Activity :: Search the material below for the word "Campos" and copy every line in which it occurs.

Materials provided ::
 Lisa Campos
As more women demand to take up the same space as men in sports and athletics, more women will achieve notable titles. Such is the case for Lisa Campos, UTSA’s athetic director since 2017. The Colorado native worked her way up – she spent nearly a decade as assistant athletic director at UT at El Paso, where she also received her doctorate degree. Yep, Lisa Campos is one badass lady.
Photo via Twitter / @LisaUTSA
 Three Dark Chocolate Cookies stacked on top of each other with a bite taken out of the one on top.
==
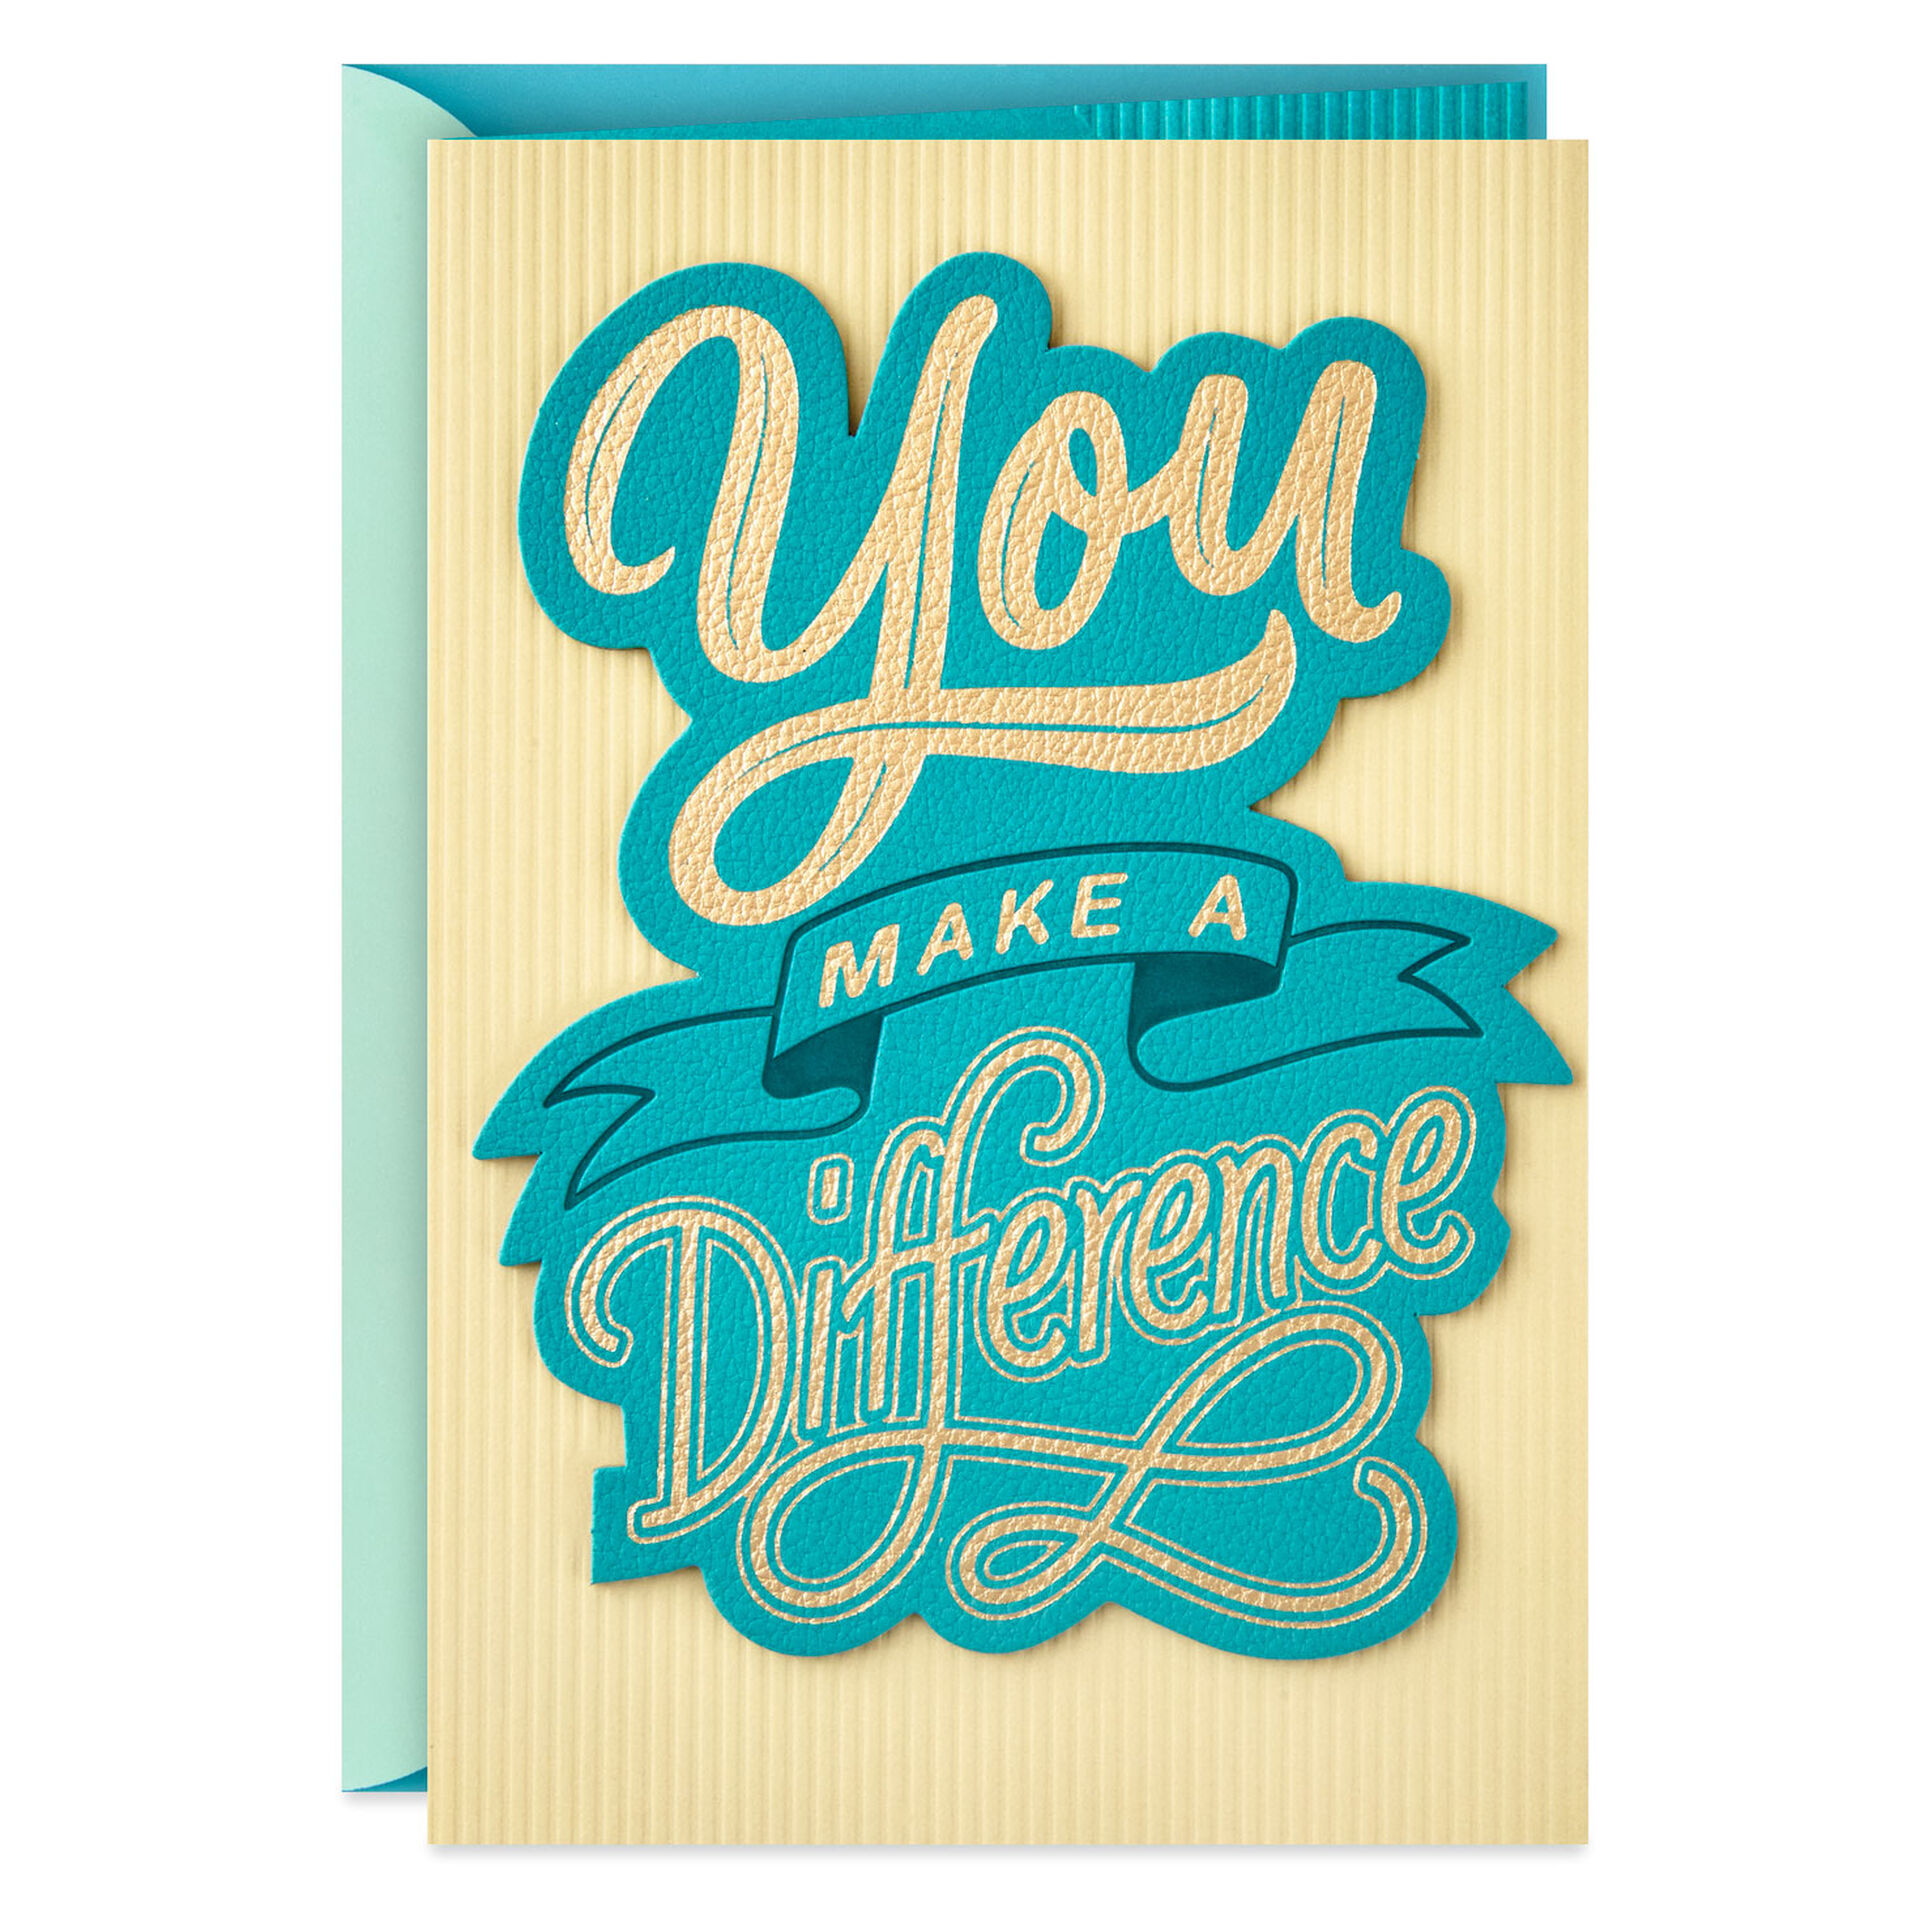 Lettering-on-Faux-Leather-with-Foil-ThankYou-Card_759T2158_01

Result for this task ::
 Lisa Campos
As more women demand to take up the same space as men in sports and athletics, more women will achieve notable titles. Such is the case for Lisa Campos, UTSA’s athetic director since 2017. The Colorado native worked her way up – she spent nearly a decade as assistant athletic director at UT at El Paso, where she also received her doctorate degree. Yep, Lisa Campos is one badass lady.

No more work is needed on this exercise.